Net increase (decrease) in unrestricted cash and
  cash equivalents                                         2,234       (3,606)
Unrestricted cash and cash equivalents at
   beginning of period                                     1,111        4,717
Unrestricted cash and cash equivalents at
   end of period                                         $ 3,345     $  1,111

Supplemental disclosure of cash flow information:
  Cash paid for interest                                $   5,701    $  5,886

            See Accompanying Notes to Consolidated Financial Statements



                     CENTURY PROPERTIES GROWTH FUND XXII

                 Notes to Consolidated Financial Statements

                              December 31, 1997


NOTE A - ORGANIZATION AND SIGNIFICANT ACCOUNTING POLICIES

Organization:

Century Properties Growth Fund XXII (the "Partnership") is a California limited
partnership organized in August 1984, to acquire and operate residential
apartment complexes. The Partnership's general partner is Fox Partners IV, a
California general partnership.  The general partners of Fox Partners IV are Fox
Capital Management Corporation (the "Managing General Partner" or "FCMC"), a
California corporation, Fox Realty Investors ("FRI"), a California general
partnership, and Fox Associates 84, a California general partnership.  The
capital contributions of $82,848,000 ($1,000 per unit) were made by the limited
partners.

Consolidation:

The Partnership's financial statements include the accounts of Wood Creek CPGF
22, L.P., Plantation Creek CPGF 22, L.P., Stoney Creek CPGF 22, L.P., Four Winds
CPGF 22, L.P., Cooper's Point CPGF 22, L.P., Hampton Greens CPGF 22, L.P.,
Century Stoney Greens, L.P. and Copper Mill CPGF 22, L.P. of which the
Partnership owns a 100% interest in each of these Partnerships.  The Partnership
has the ability to control the major operating and financial policies of these
partnerships.  All intercompany transactions have been eliminated.

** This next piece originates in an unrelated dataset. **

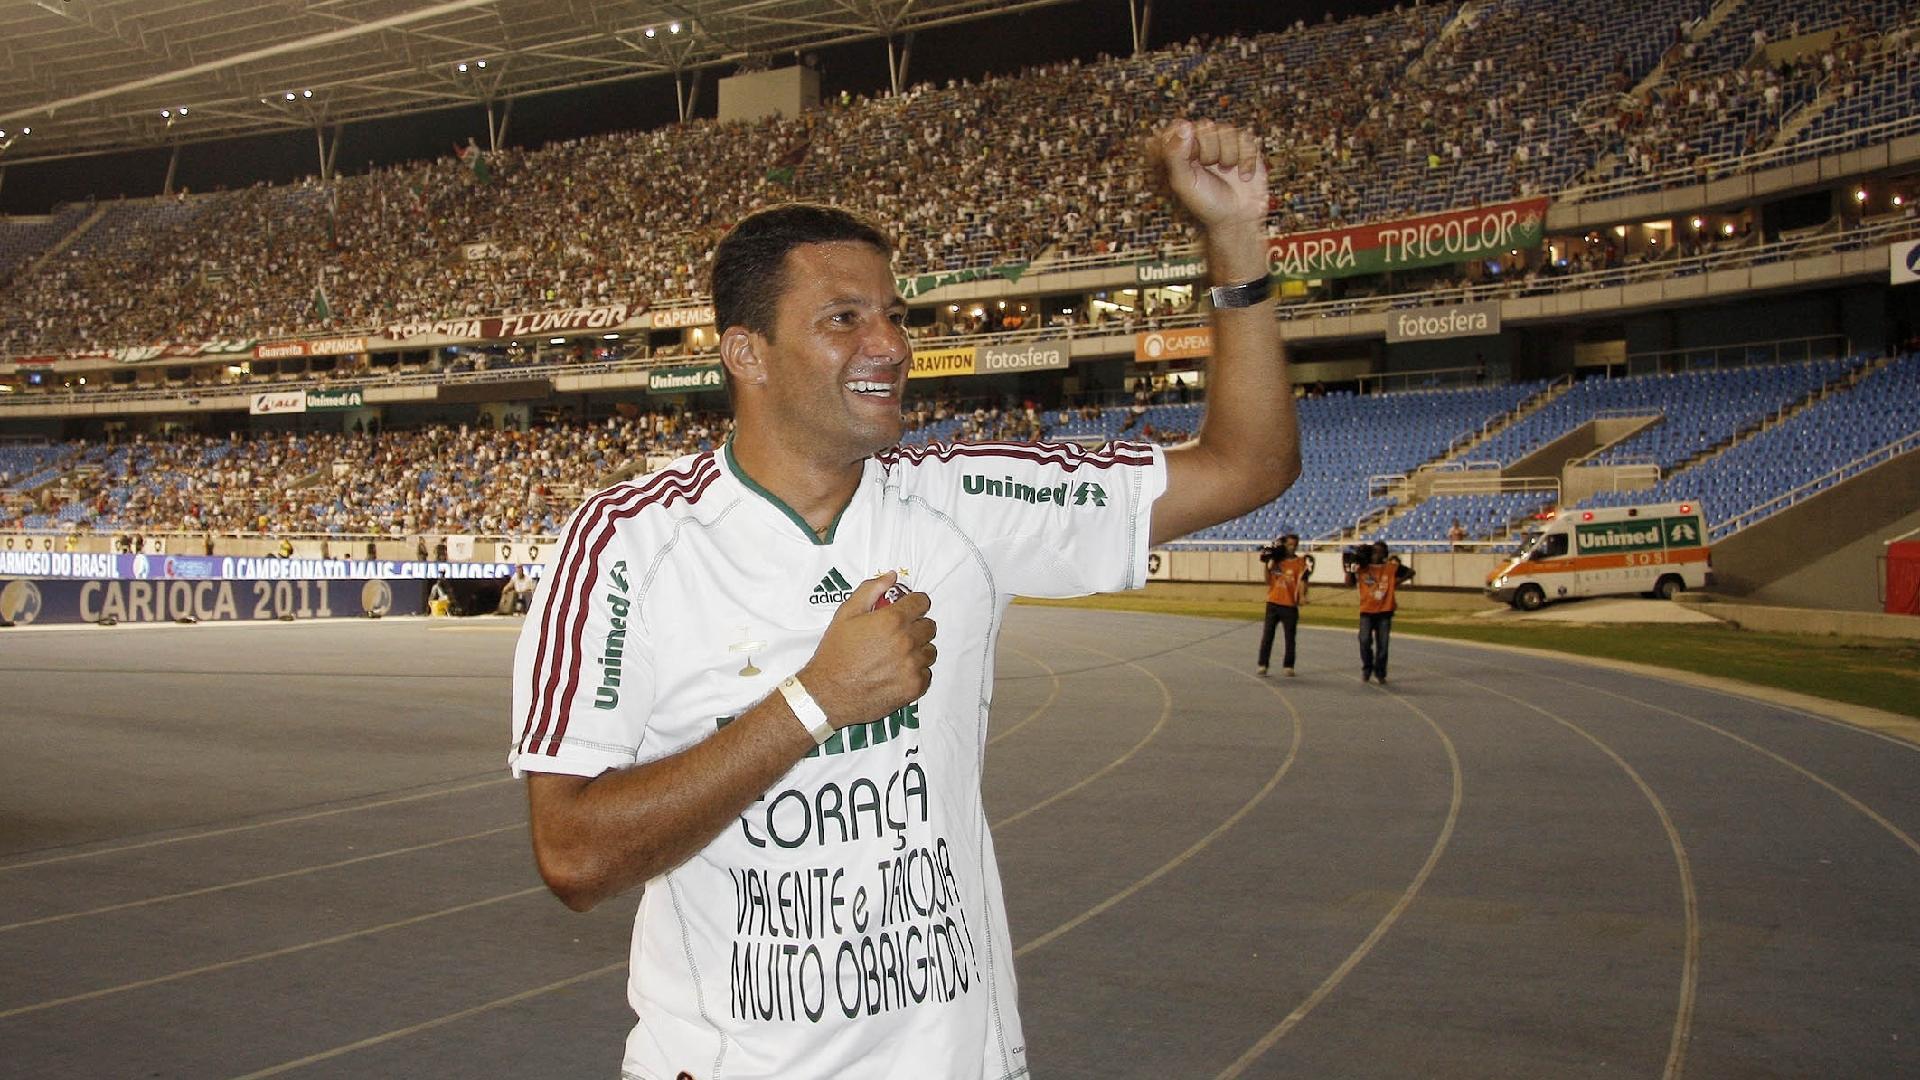 Washington se despede da torcida do Fluminense
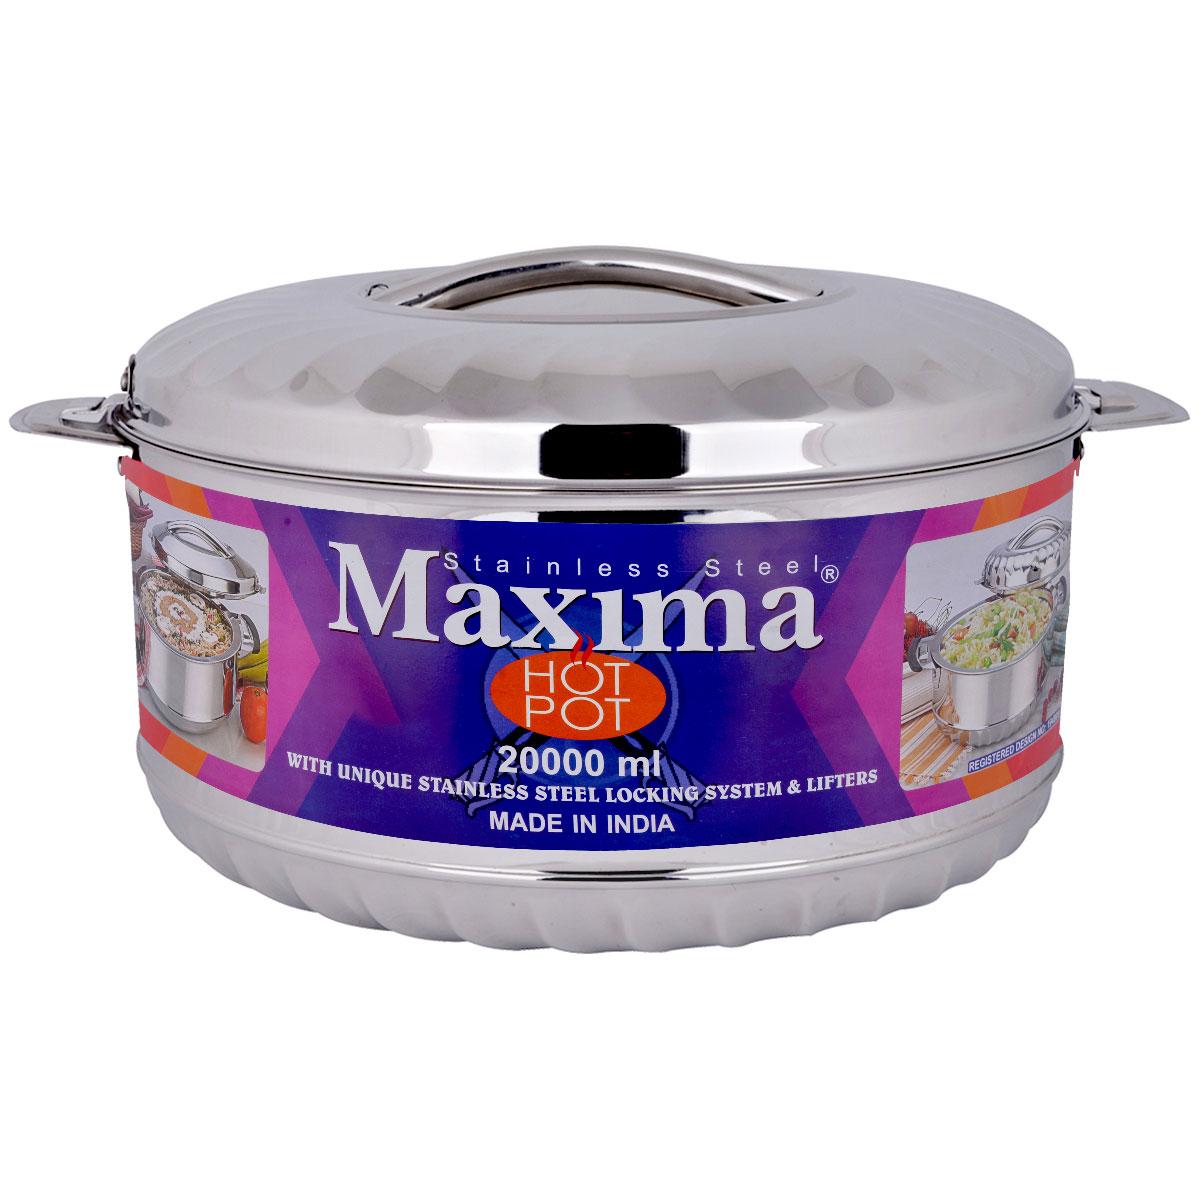 حافظة طعام ماكسيما - 20000 مل -استانلس استيل , فضي

Cash and Cash Equivalents:

The Partnership considers all highly liquid investments with a maturity, when
purchased, of three months or less to be cash equivalents.  At certain times,
the amount of cash deposited at a bank may exceed the limit on insured deposits.

Security Deposits:

The Partnership requires security deposits from lessees for the duration of the
lease and such deposits are included in receivables and deposits.  The security
deposits are refunded when the tenant vacates, provided the tenant has not
damaged its space, and is current on its rental payments.

Investment Properties:

Investment properties are stated at cost.  Acquisition fees are capitalized as a
cost of real estate.  In accordance with Statement of Financial Accounting
Standards ("SFAS") No. 121, "Accounting for the Impairment of Long-Lived Assets
and for Long-Lived Assets to Be Disposed Of", the Partnership records impairment
losses on long-lived assets used in operations when events and circumstances
indicate that the assets might be impaired and the undiscounted cash flows
estimated to be generated by those assets are less than the carrying amounts of
those assets.

Depreciation:

Depreciation is calculated by the straight-line method over the estimated lives
of the rental properties and related personal property ranging from 5 to 30
years.


Loan Costs:

Loan costs  are capitalized and are amortized on a straight-line basis as
interest expense over the lives of the related loans, or expensed, if financing
is not obtained.  At December 31, 1997, loan costs totaling approximately
$1,972,000 were included in other assets.  At December 31, 1997, accumulated
amortization of loan costs totaled approximately $413,000.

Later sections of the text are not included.